In virtually every other exclusion clause in the policy, the context made it clear that references to “the insured” were to the insured seeking indemnity under the policy, rather than Transfield itself or all of the various insured parties. If the meaning were different in this context one would expect some clear and express indication to this effect.
The policy contained a “cross liability” clause which prescribed that
each of the persons comprising the insured shall for the purposes of this policy be considered as a separate and distinct unit and the words “the insured” shall be considered as applying to each of such persons in the same manner as if a separate policy had been issued to each of them in his name alone...
The insureds argued that the exclusion clause construed in this fashion was not otiose but still had operation in the area of third party claims for consequential loss arising out of physical damage to the property of the insured seeking indemnity.
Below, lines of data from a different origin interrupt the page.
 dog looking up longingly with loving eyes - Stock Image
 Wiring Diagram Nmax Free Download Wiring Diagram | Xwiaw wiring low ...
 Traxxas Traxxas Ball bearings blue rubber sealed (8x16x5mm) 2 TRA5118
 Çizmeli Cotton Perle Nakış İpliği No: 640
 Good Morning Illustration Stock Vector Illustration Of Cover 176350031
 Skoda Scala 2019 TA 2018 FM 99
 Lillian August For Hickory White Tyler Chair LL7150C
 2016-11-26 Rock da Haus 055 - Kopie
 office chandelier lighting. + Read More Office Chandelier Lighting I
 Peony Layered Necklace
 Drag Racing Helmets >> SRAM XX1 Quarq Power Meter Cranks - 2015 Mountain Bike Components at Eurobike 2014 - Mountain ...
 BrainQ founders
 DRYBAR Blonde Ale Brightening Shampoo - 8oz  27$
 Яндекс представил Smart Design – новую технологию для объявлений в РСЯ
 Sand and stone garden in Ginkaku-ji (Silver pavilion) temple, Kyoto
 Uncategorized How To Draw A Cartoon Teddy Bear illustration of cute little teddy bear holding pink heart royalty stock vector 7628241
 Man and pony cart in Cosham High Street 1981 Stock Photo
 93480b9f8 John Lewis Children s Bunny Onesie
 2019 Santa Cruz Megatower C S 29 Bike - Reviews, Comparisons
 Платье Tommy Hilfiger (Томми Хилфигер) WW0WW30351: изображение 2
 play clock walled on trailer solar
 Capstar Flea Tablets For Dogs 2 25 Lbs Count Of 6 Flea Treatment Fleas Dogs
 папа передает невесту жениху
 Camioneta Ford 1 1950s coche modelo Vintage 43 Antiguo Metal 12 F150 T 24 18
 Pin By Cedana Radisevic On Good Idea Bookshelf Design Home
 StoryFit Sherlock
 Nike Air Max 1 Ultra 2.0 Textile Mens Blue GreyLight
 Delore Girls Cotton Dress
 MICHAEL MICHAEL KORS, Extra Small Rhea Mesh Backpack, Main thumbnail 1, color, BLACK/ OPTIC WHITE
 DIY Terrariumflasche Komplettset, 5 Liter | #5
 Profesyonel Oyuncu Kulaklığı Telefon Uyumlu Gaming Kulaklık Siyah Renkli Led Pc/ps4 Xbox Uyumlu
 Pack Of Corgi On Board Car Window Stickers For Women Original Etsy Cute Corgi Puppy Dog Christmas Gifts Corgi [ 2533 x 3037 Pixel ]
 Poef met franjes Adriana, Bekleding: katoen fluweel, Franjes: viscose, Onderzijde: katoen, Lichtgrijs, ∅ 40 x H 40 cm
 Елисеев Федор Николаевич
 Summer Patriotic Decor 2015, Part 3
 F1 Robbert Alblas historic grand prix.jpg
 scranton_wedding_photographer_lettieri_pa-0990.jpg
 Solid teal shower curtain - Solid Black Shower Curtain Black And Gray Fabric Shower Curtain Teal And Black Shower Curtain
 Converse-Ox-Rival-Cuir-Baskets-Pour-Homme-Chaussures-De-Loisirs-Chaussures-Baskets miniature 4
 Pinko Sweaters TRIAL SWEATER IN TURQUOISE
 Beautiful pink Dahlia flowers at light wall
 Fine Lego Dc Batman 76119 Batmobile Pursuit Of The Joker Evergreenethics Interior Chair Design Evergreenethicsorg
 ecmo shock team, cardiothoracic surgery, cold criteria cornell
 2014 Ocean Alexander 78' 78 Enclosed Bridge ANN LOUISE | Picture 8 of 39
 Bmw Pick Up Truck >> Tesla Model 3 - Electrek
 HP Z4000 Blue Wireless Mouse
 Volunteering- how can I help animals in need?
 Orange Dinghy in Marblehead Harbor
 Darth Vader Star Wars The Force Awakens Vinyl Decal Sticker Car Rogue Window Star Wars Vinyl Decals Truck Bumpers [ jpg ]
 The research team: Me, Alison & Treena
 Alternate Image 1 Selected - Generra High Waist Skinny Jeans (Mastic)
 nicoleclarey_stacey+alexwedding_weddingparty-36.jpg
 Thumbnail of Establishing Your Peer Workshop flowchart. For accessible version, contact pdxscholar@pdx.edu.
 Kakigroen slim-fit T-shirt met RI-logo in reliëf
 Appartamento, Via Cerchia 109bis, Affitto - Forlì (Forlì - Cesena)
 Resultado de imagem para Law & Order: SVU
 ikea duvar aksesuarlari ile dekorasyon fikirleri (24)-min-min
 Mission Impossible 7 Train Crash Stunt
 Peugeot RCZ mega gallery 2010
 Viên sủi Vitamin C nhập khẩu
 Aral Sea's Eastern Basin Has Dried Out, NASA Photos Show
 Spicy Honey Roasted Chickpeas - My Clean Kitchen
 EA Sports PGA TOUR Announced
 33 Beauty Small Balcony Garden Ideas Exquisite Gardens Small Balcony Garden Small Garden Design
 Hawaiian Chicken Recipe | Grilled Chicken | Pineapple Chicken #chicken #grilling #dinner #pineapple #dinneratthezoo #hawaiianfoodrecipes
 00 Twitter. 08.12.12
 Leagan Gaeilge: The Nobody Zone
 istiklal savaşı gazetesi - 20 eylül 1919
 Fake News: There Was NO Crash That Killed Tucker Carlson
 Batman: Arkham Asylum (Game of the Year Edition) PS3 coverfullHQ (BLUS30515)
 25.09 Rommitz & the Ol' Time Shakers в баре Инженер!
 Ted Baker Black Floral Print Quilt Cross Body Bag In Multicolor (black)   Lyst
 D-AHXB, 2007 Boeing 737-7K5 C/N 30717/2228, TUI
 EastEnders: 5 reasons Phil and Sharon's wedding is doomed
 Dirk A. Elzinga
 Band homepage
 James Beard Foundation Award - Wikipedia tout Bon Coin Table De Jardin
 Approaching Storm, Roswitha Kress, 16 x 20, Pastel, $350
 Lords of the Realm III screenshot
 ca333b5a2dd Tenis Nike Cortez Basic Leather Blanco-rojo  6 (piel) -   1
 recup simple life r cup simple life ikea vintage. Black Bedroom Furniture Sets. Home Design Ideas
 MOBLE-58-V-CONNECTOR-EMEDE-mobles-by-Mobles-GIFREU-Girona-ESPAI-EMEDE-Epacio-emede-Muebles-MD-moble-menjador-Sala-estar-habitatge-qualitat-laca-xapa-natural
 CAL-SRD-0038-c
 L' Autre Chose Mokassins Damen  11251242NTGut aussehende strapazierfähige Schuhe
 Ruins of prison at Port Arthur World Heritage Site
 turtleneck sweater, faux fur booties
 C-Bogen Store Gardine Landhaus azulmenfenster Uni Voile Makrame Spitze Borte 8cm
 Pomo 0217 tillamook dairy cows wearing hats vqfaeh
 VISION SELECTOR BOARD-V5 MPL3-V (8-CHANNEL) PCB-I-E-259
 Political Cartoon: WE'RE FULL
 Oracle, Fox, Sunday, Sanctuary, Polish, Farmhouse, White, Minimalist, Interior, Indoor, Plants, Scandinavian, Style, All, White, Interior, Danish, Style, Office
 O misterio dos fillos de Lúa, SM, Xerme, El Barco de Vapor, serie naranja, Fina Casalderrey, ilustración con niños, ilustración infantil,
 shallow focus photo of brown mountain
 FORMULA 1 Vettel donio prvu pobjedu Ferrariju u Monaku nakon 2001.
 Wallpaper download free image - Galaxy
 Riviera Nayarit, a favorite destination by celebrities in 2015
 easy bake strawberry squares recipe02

The Court of Appeal accepted the insureds’ arguments and dismissed the appeal. In doing so, Santow JA, who wrote the leading judgment, advanced policy-based reasons for rejecting the insurer’s contention that the commercial purposes of the policy required the exclusion to apply to claims for damage to property owned by any of the insureds:* There were situations in which one of the insureds might be liable for damage to its own property at the suit of another. (However the examples given by His Honour were examples of consequential loss suffered by the third party arising out of the physical damage to the coinsured’s property. The insurers had in fact been prepared to concede that such claims were outside the scope of the exclusion in any event.)
Having disposed of the policy arguments in this fashion His Honour went on to express agreement with the insureds’ contentions that, as a matter of pure interpretation of the words of the exclusion and the policy as a whole, “the insured” must refer to the insured seeking indemnity under the policy.
The decision illustrates how easily insurers’ intentions may be frustrated by inadequate attention to detail in policy drafting. It seems absurd that the parties (especially the insurers) can really have intended the exclusion clause to have the effect found by the trial judge and Court of Appeal. It is much more likely that insurers intended that the policy not provide indemnity for property damage liability claims where the damaged property would be the subject of Section A of the policy in any event.
Clearly it is necessary for policies covering multiple interests to be drafted with some care to ensure that insurers are not exposed to unintended liabilities. In particular, if it is intended that the respective rights of the primary insured and the additional insureds be different, the differences must be clearly highlighted.
Perhaps in recognition of the difficulties to which these policies give rise, underwriters in recent times appear to have moved away from indiscriminate coverage of multiple interests. In more recent policies coverage to parties other than the primary insured depends upon the existence of a contractual obligation on the insured’s part to effect insurance covering the additional interest. This approach, besides reducing the scope of underwriters’ potential exposure also promotes closer scrutiny by underwriters of precisely what, and whom, they are agreeing to cover.